= Mitchell Dawson =

Mitchell Dawson (May 13, 1890 – 1956) was a Chicago writer and lawyer, known for his poetry, patronage of the arts, and legal columns. He was born in Chicago into an artistic family. His brother, Manierre Dawson was an abstract painter. Like his father, George Ellis Dawson, Mitchell became a lawyer after studying at the University of Chicago Law School in 1913. He practiced law with his father's firm until his retirement in 1954.

Dawson's friendship with William Carlos Williams and Alfred Kreymborg encouraged him to submit poetry to magazines like Poetry, The Little Review, and Others in the 1910s. He supported and contributed to the Chicago Literary Renaissance. Dawson then turned his focus to legal writing, contributing legal advice column called "Advice of Counsel" to the Saturday Evening Post, Esquire and The New Yorker.

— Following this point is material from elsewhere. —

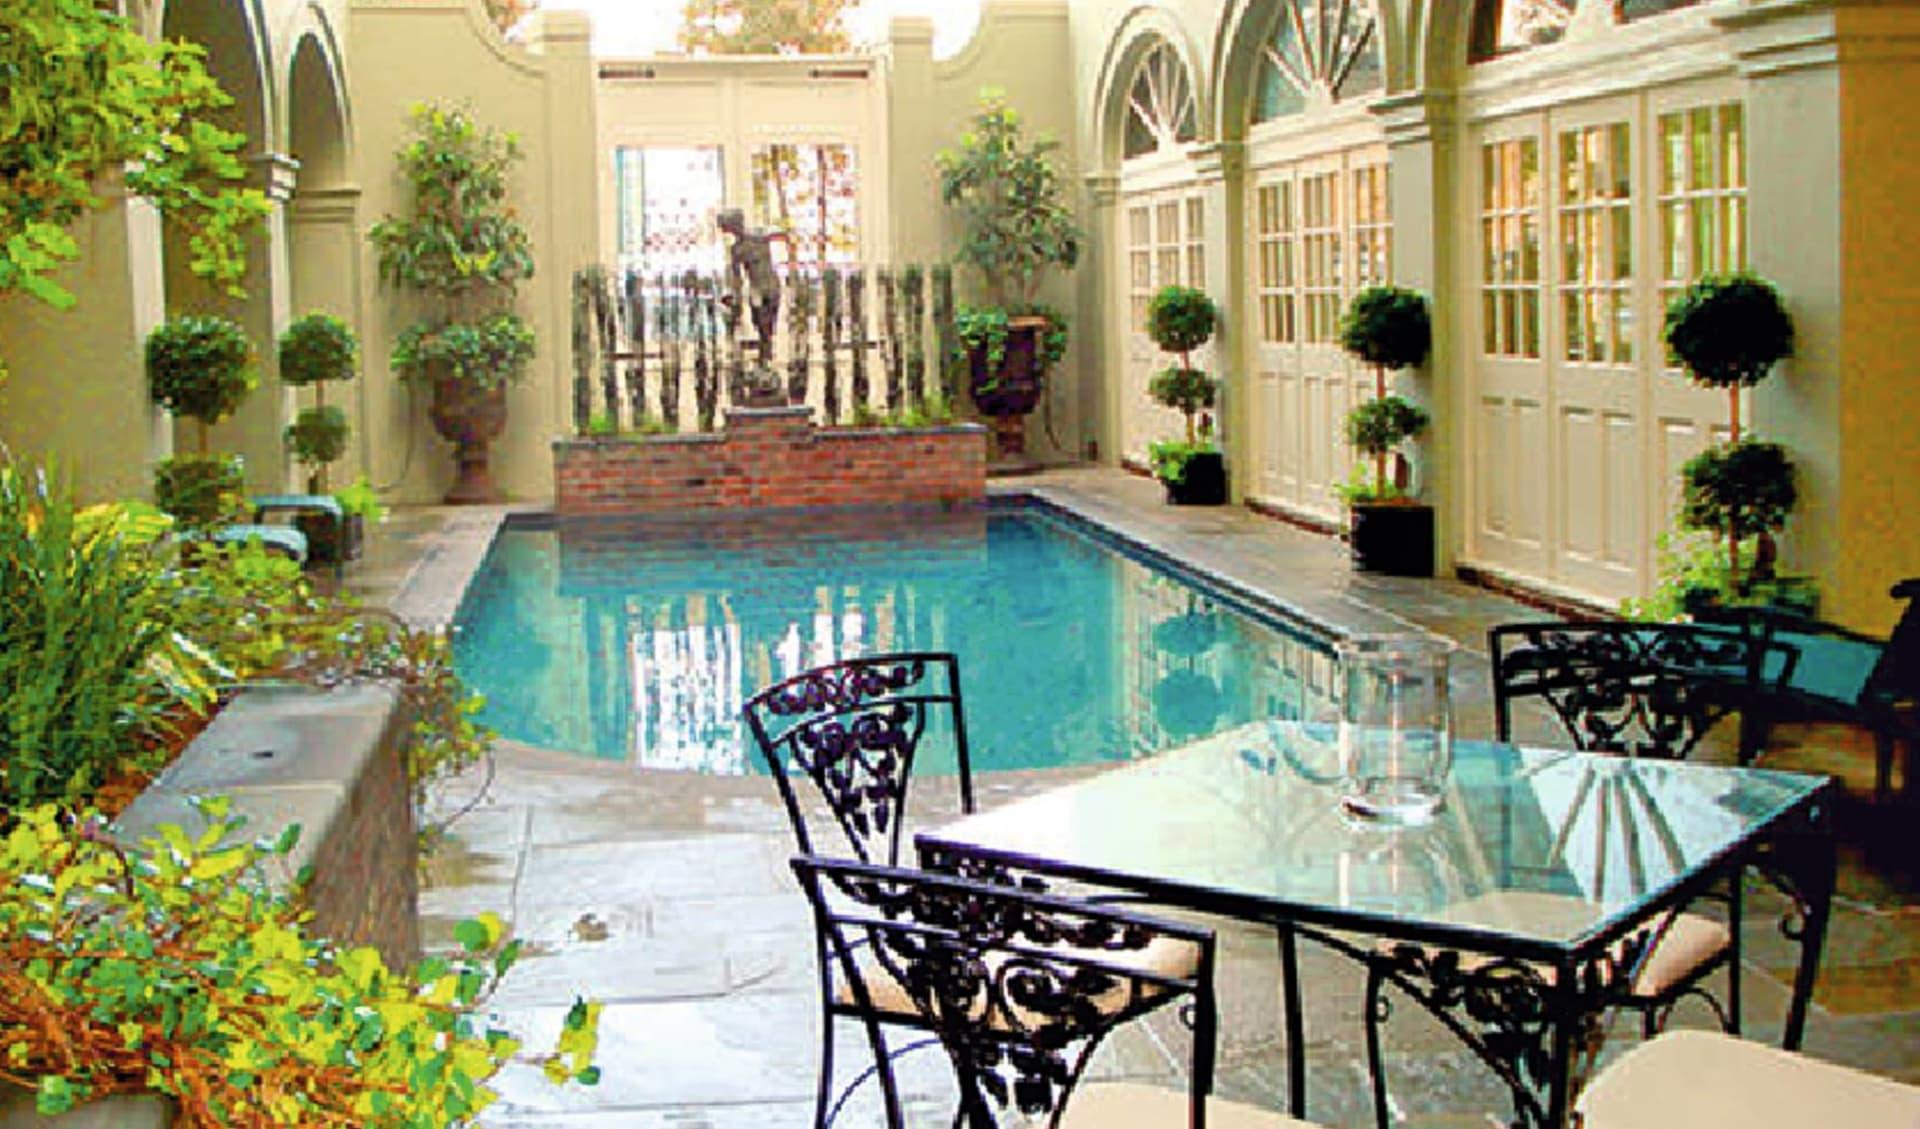 Bienville House in New Orleans:  Bienville House - Gartenanlage

Dawson's column was popular due to its simplicity and his use of humor.

Throughout his life, he befriended and associated with members of the anarchist and dadaist movements, including Emanuel Carnevali, Man Ray, and Adolphe Wolff. Dawson co-edited a dadaist journal with Ray and Wolff named TNT in 1919, which some of Dawson's poems appeared in.

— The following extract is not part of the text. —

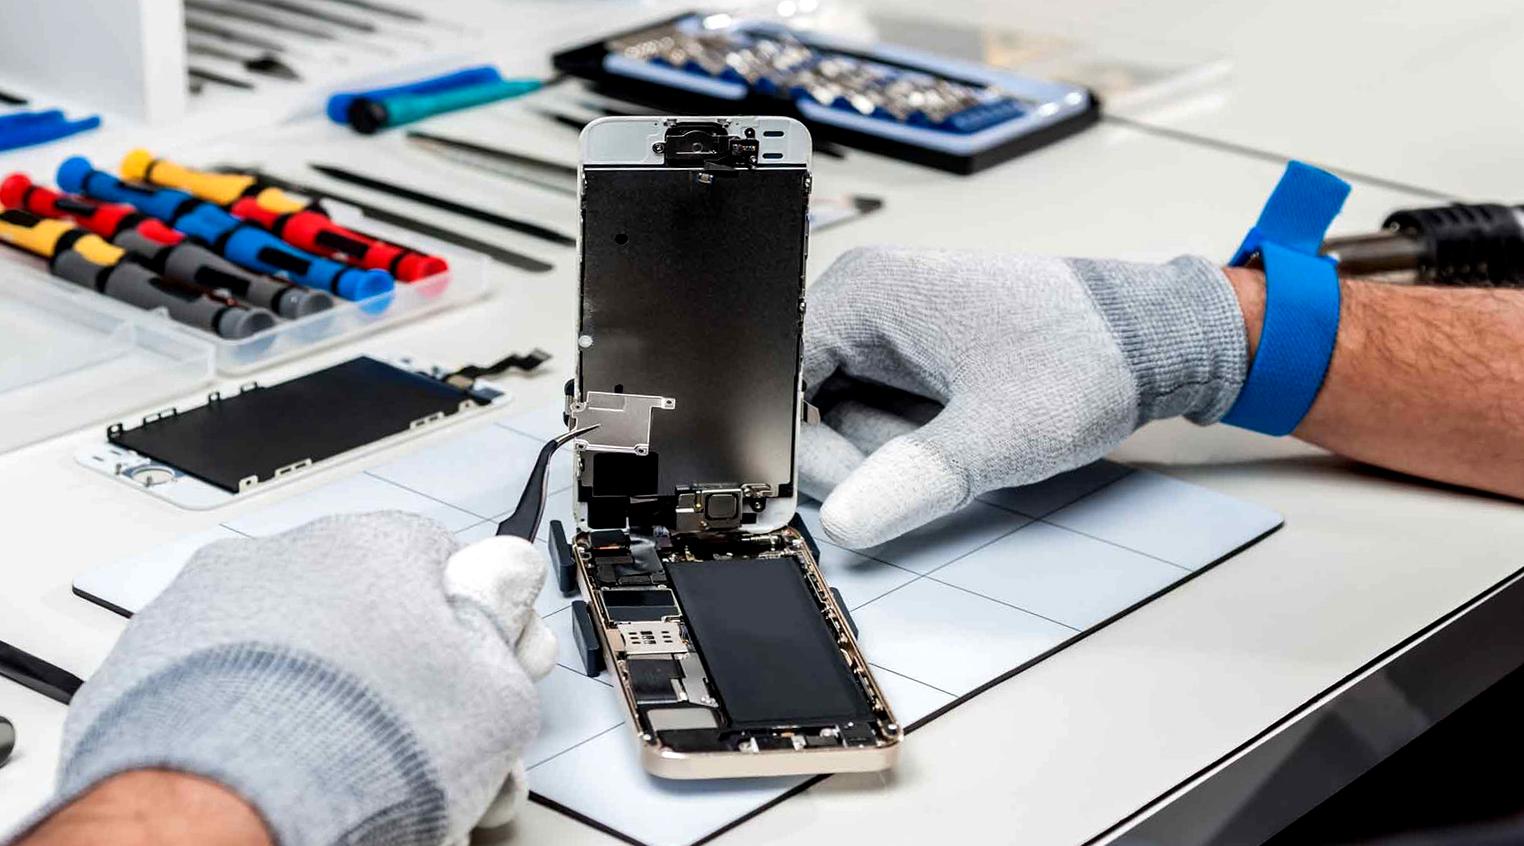 https://akkauntservis.ru/images/Apple/iphone/remont%20iphone.jpg

Dawson also wrote one novel, The Magic Firecrackers, in 1949, based on children's stories that he invented for his son Gregory. He was also the brother-in-law of writer Emily "Mickey" Hahn whose career began in part due to Dawson sending some of her letters from abroad to the New Yorker magazine.

In 1921, Mitchell married Rose Hahn and had three children: Hilary (later Schlessiger), Jill (later Metzger), and Gregory. He died in 1956 of Parkinson's Disease.